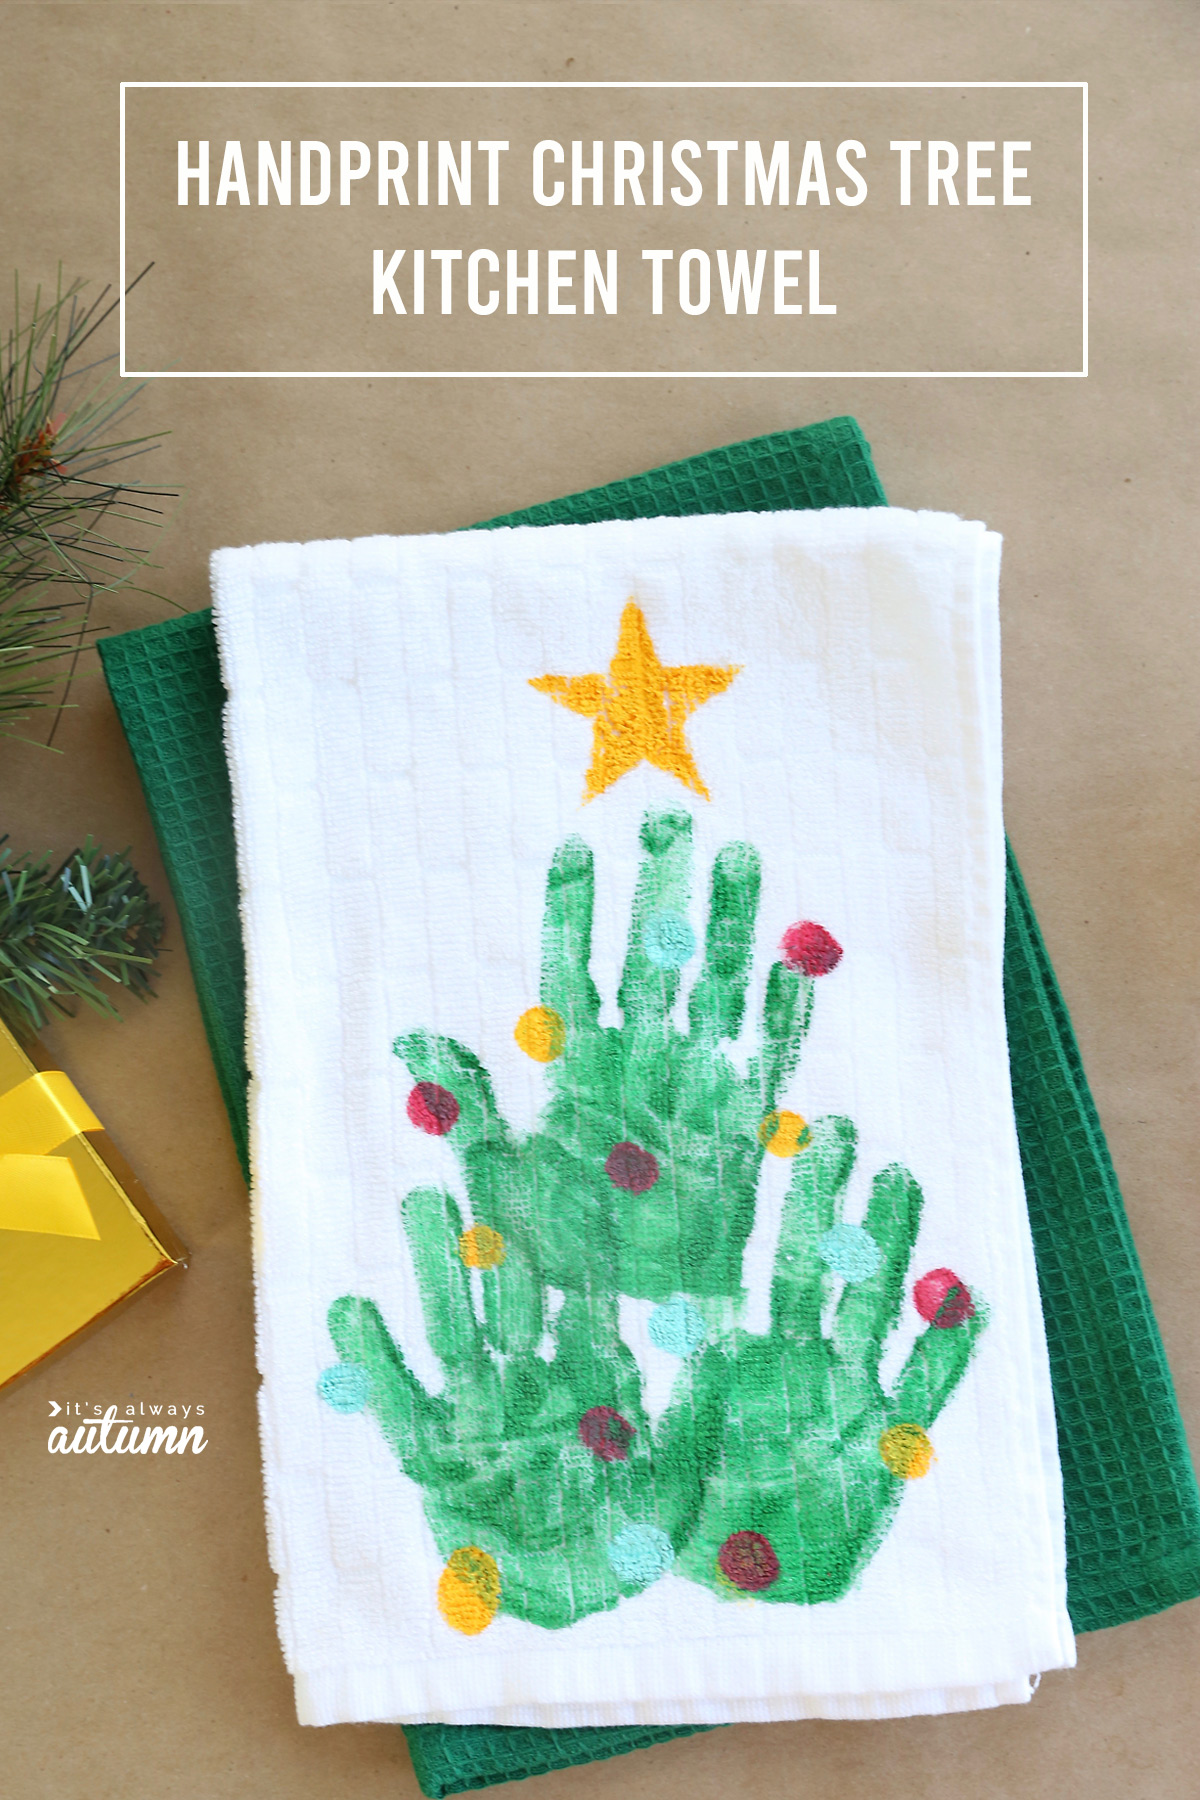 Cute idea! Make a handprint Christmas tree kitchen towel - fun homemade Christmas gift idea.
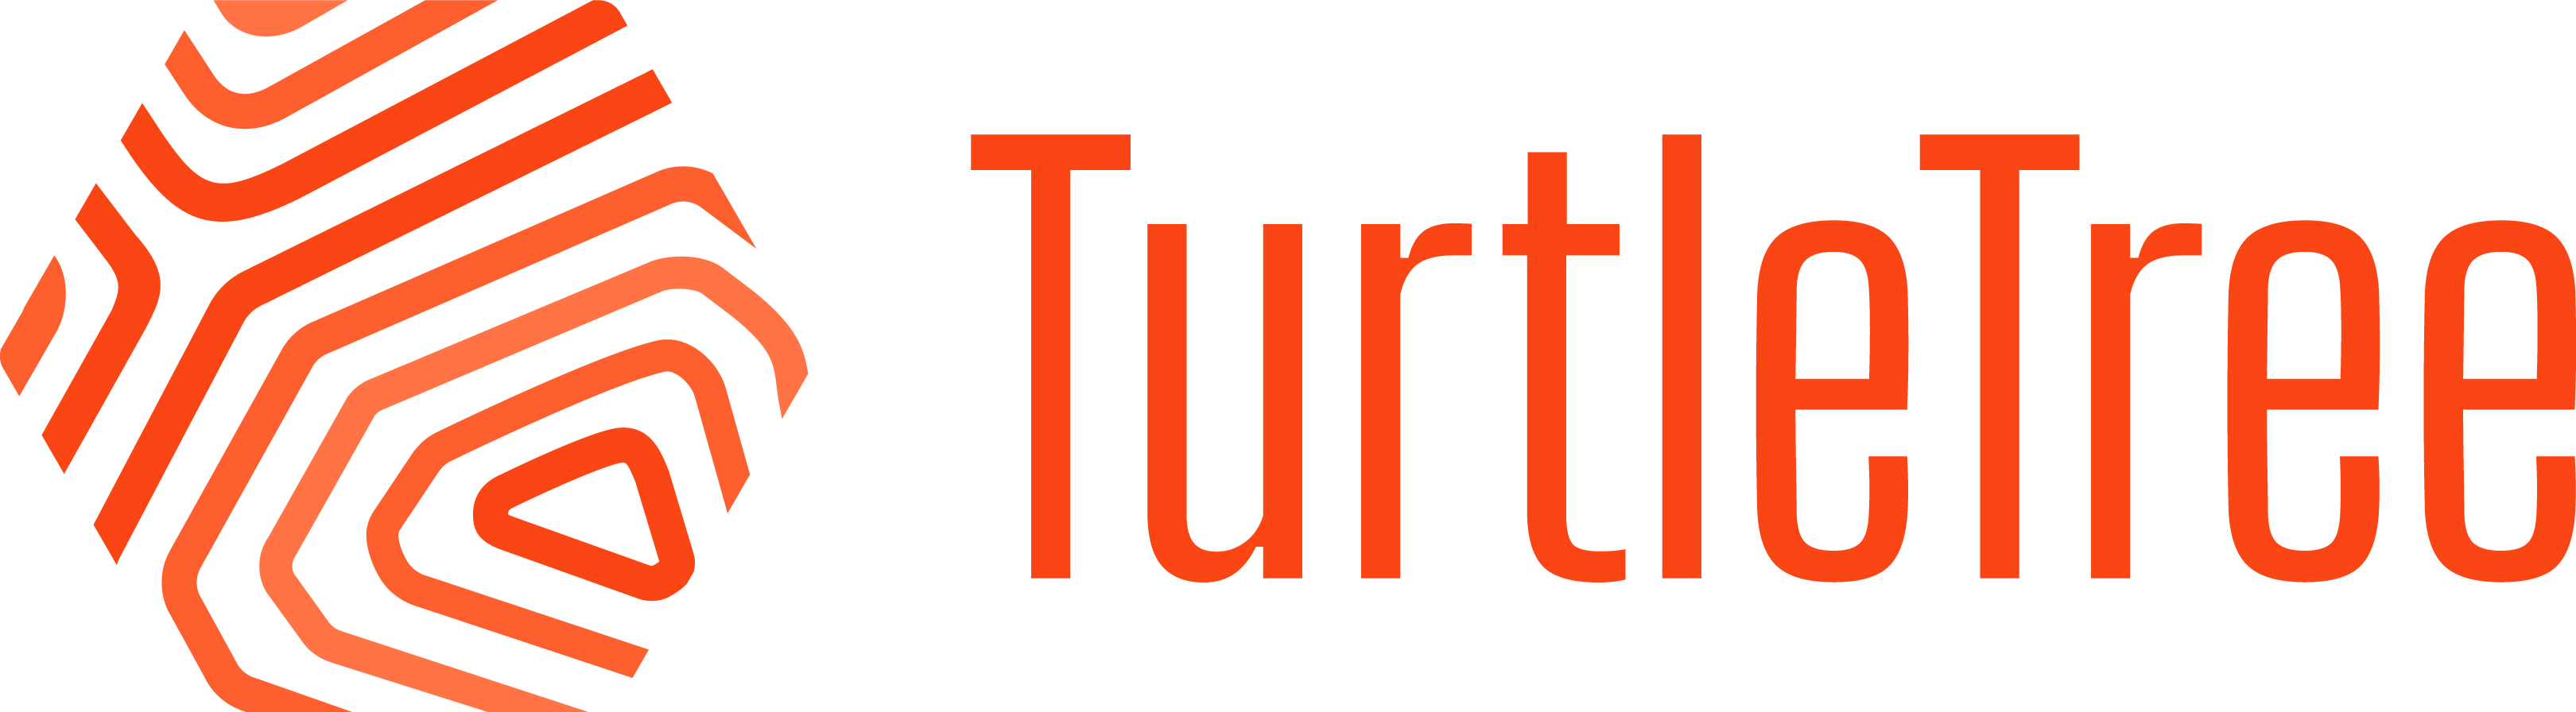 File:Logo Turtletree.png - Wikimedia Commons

-=-=-=-=-

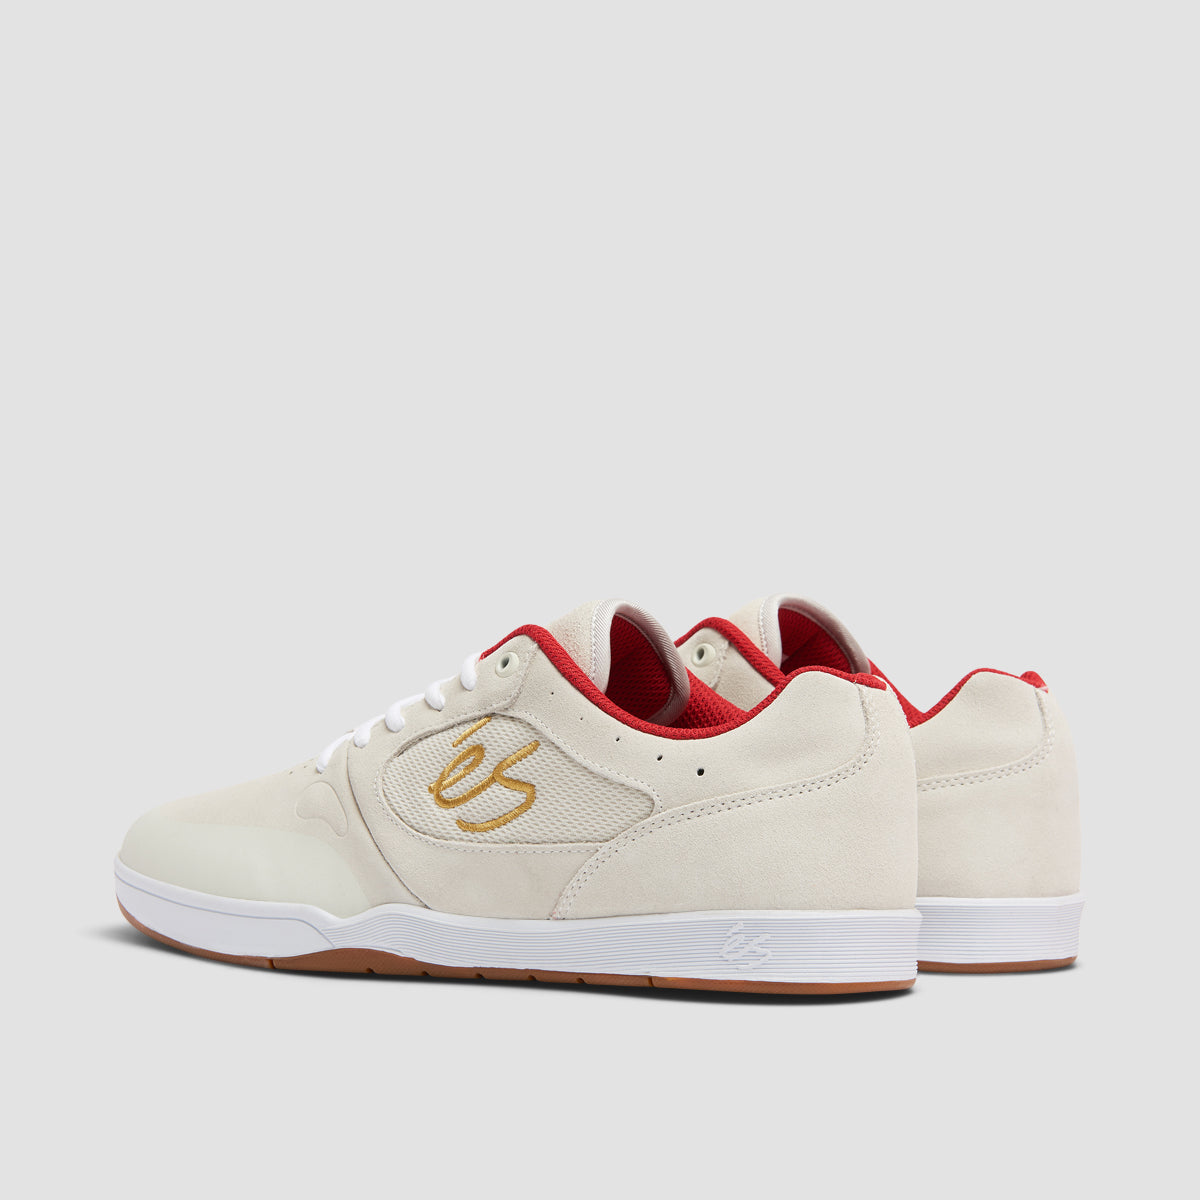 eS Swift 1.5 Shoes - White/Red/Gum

-=-=-=-=-

▶ **ACTION ITEM**:
Using the listing above, reproduce word for word every line from the one containing "Cute idea! Make" through the one containing "File:Logo Turtletree.png - Wikimedia Commons". Pictures must be left out.

▶ **RESULT**:
 Cute idea! Make a handprint Christmas tree kitchen towel - fun homemade Christmas gift idea.
 File:Logo Turtletree.png - Wikimedia Commons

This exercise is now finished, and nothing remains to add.